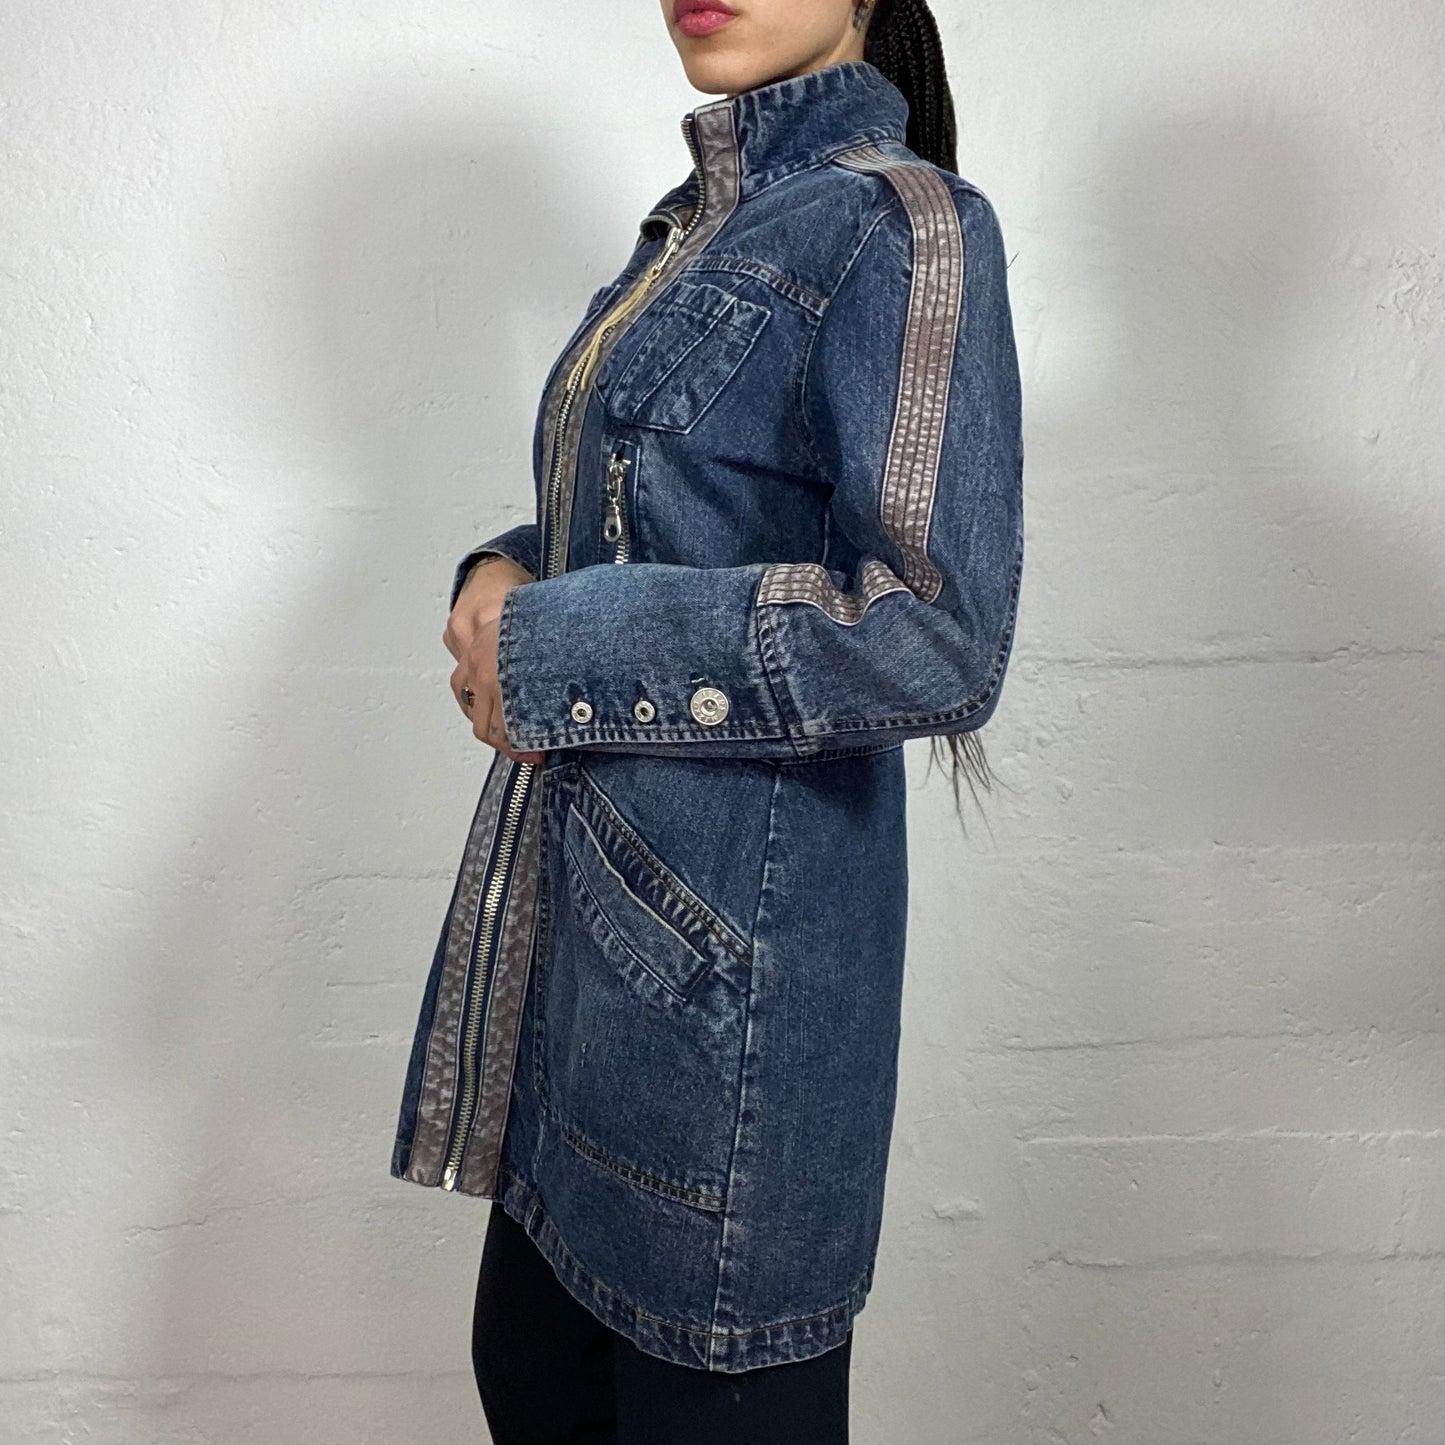 Vintage 2000's Archive Blue Denim High Neck Zip Up Coat with Multiple Pockets and Zippers (M)
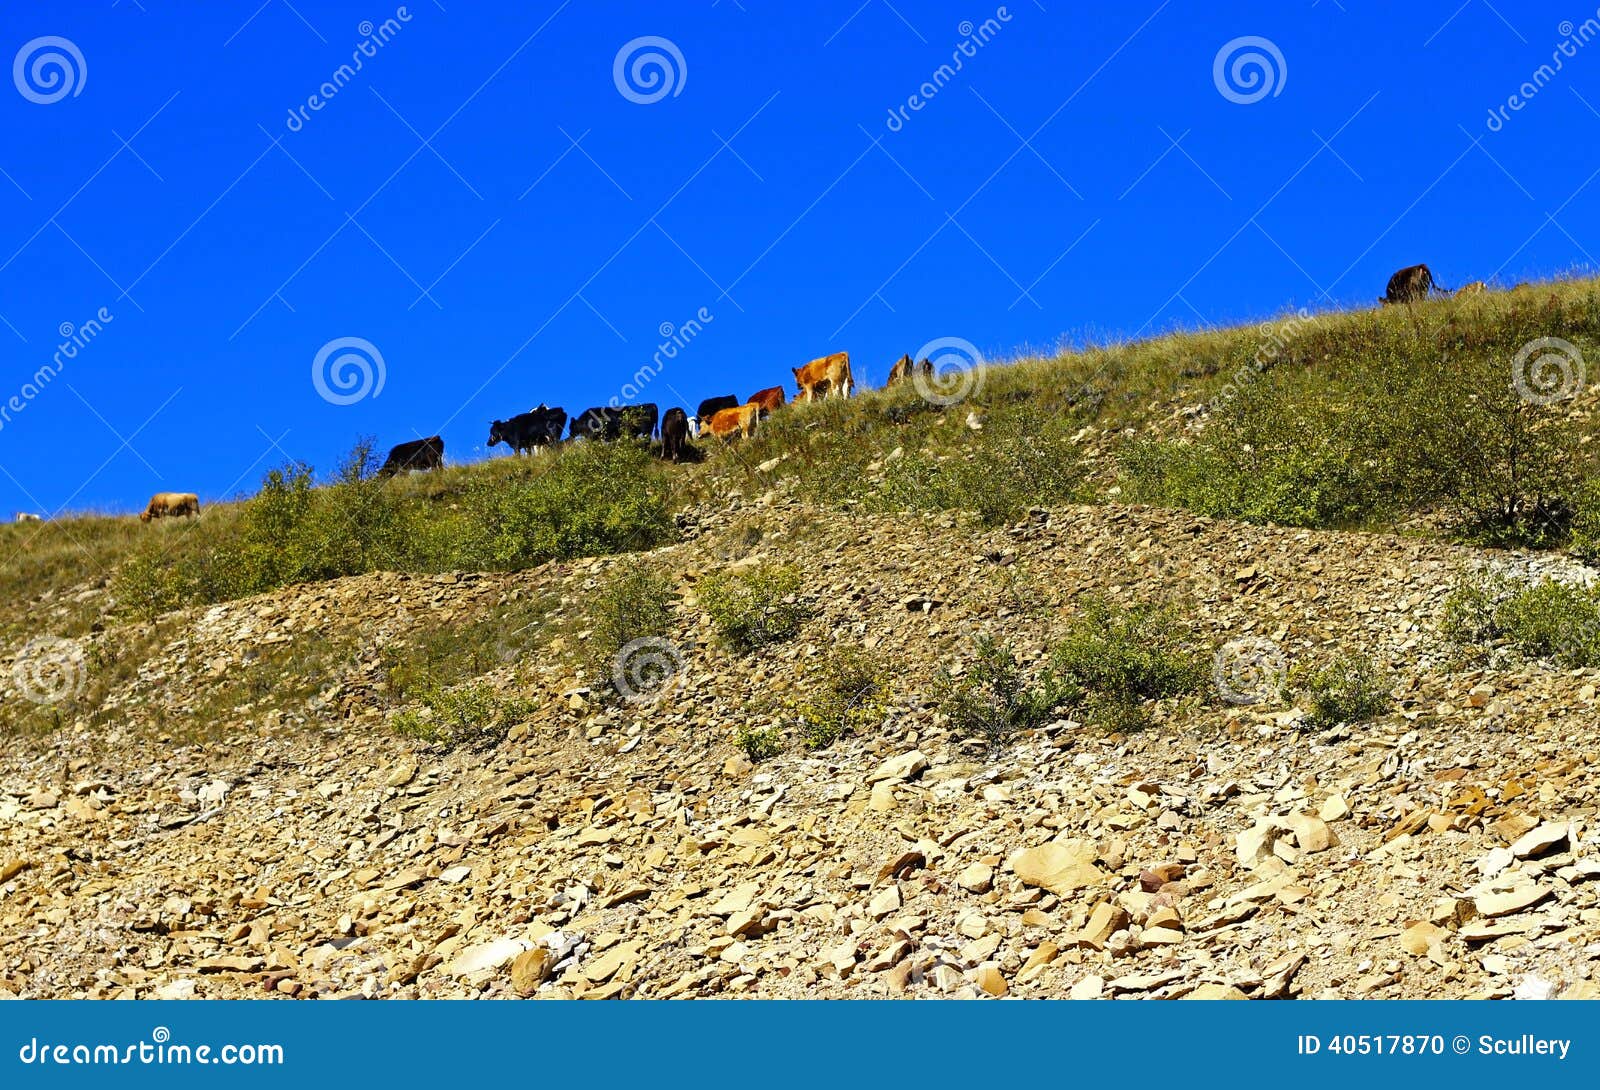 Many Cows On The Caucasus Mountain Grassland Stock Photo Image Of
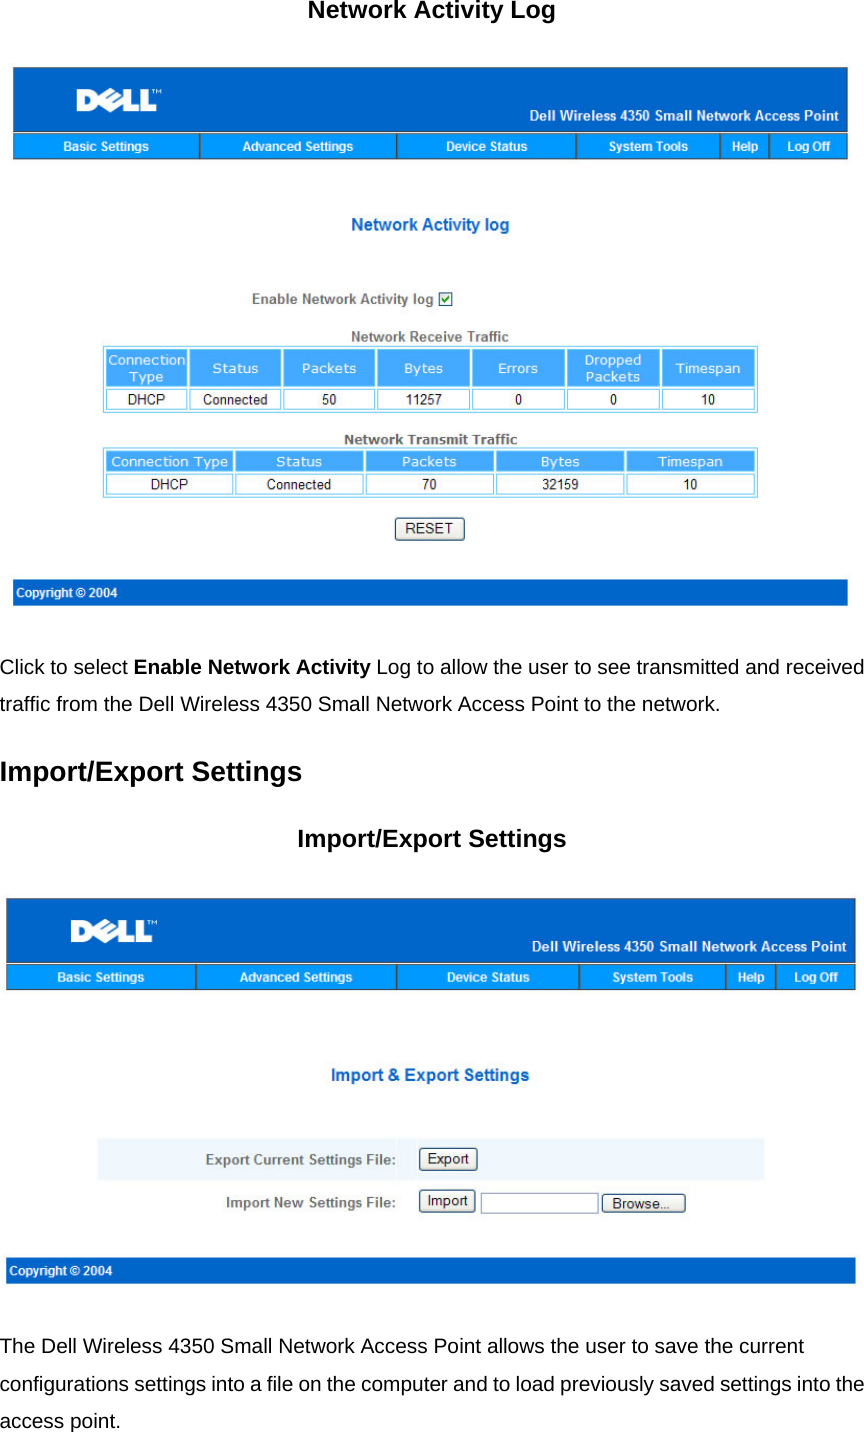 Network Activity Log  Click to select Enable Network Activity Log to allow the user to see transmitted and received traffic from the Dell Wireless 4350 Small Network Access Point to the network. Import/Export Settings Import/Export Settings  The Dell Wireless 4350 Small Network Access Point allows the user to save the current configurations settings into a file on the computer and to load previously saved settings into the access point.   
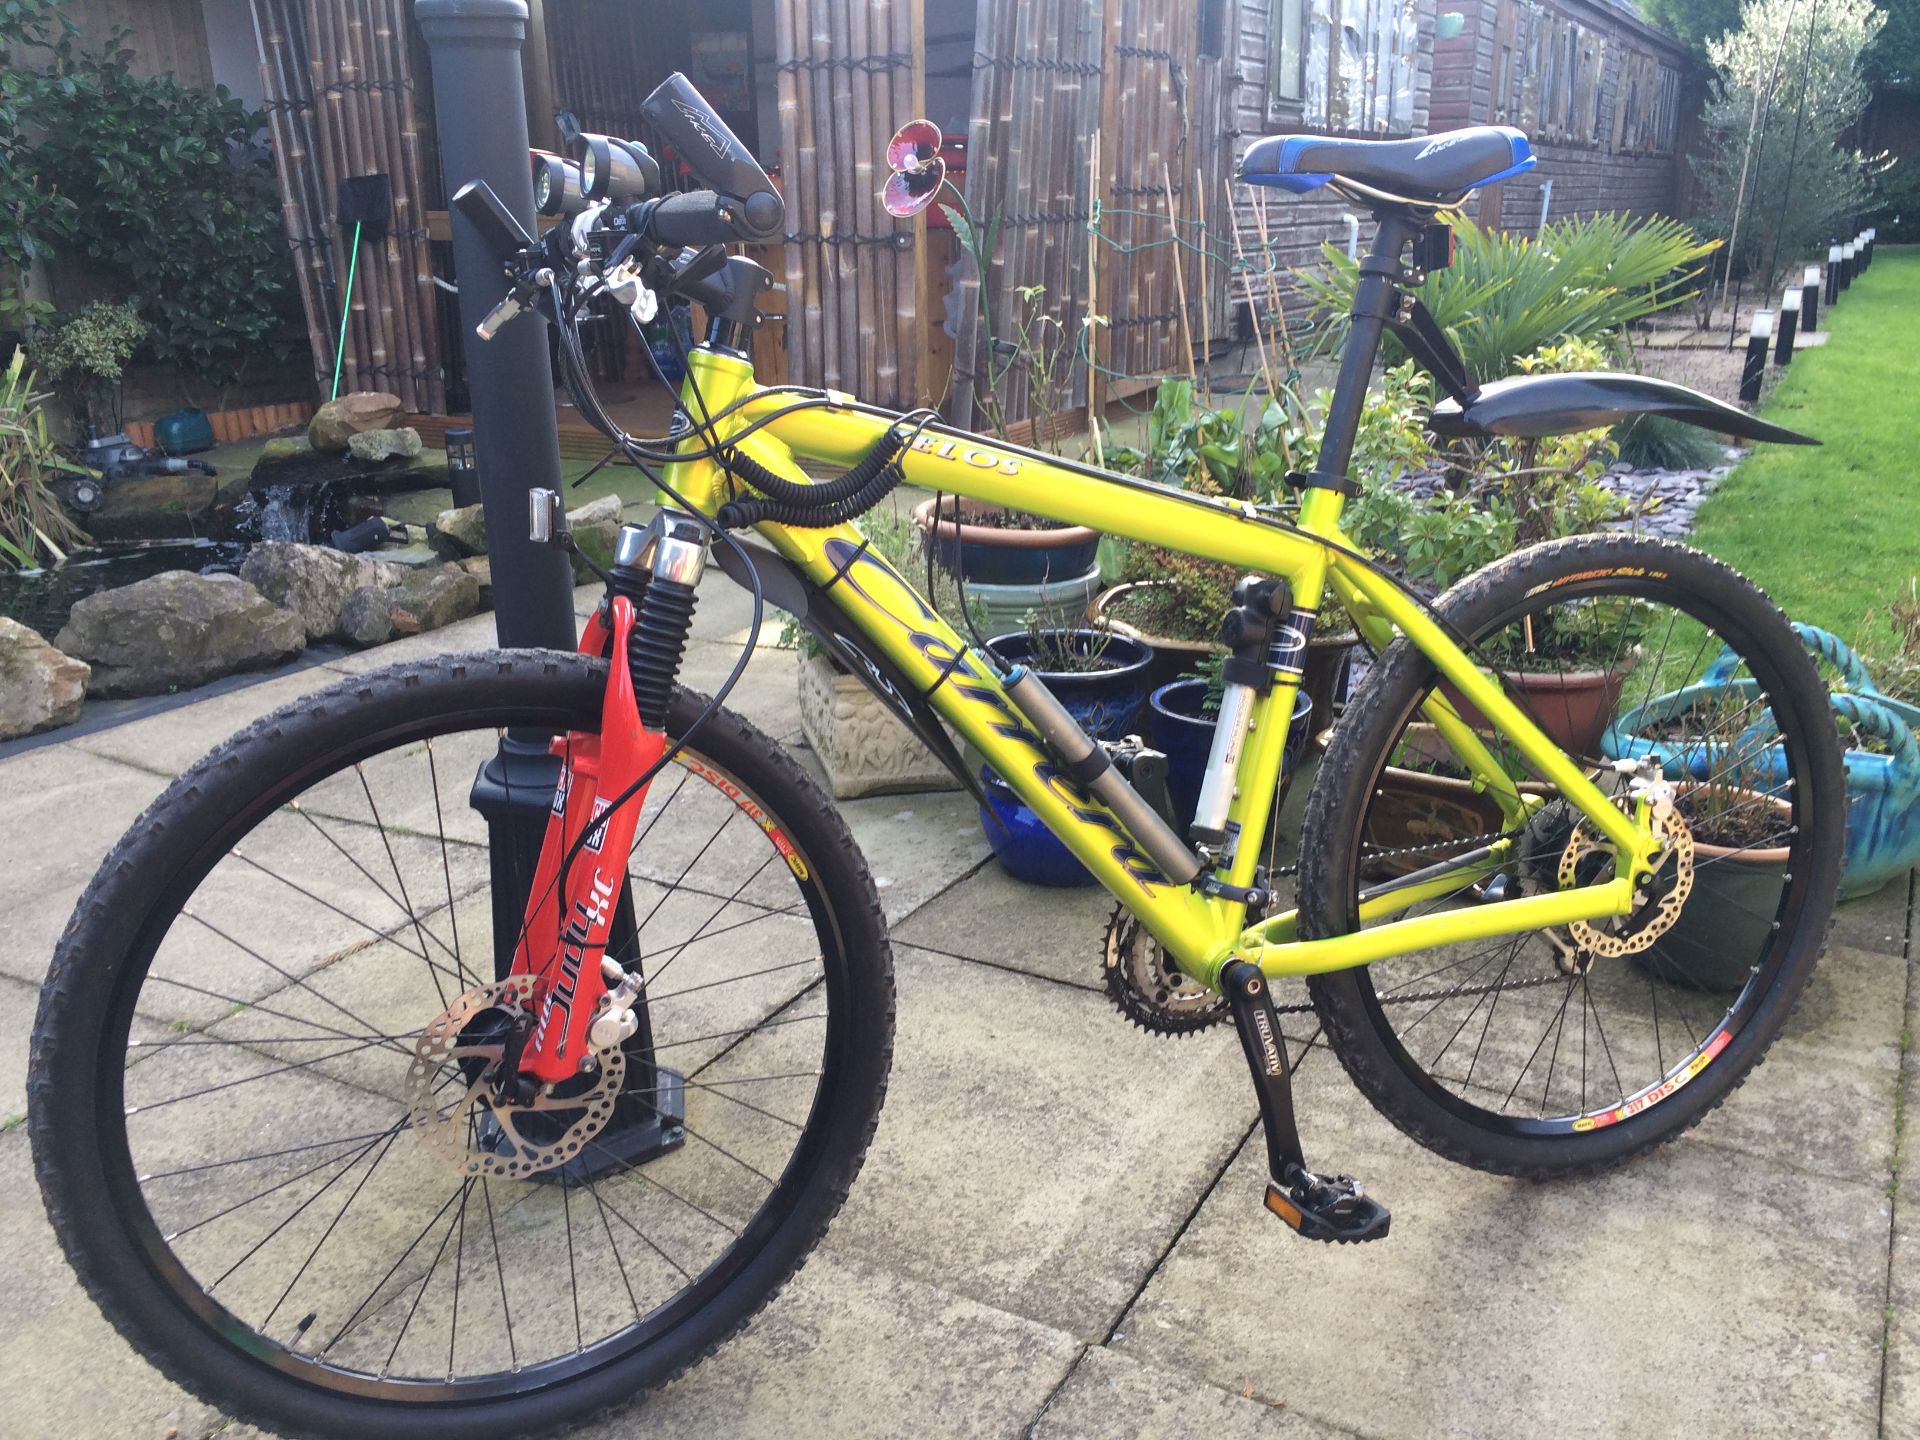 Carrera fully loaded mountain bike costing new £870.00 plus extras. This bike is in fully working

────────────────────

## WHAT NEEDS TO BE DONE
Keep every word of the material exactly as given. Drop the pictures.

## EXERCISE OUTPUT
 Vintage 2000's Archive Blue Denim High Neck Zip Up Coat with Multiple Pockets and Zippers (M)
 Many Cows On The Caucasus Mountain Grassland Stock Photo Image Of
 Network Activity Log  Click to select Enable Network Activity Log to allow the user to see transmitted and received traffic from the Dell Wireless 4350 Small Network Access Point to the network. Import/Export Settings Import/Export Settings  The Dell Wireless 4350 Small Network Access Point allows the user to save the current configurations settings into a file on the computer and to load previously saved settings into the access point.   
 Carrera fully loaded mountain bike costing new £870.00 plus extras. This bike is in fully working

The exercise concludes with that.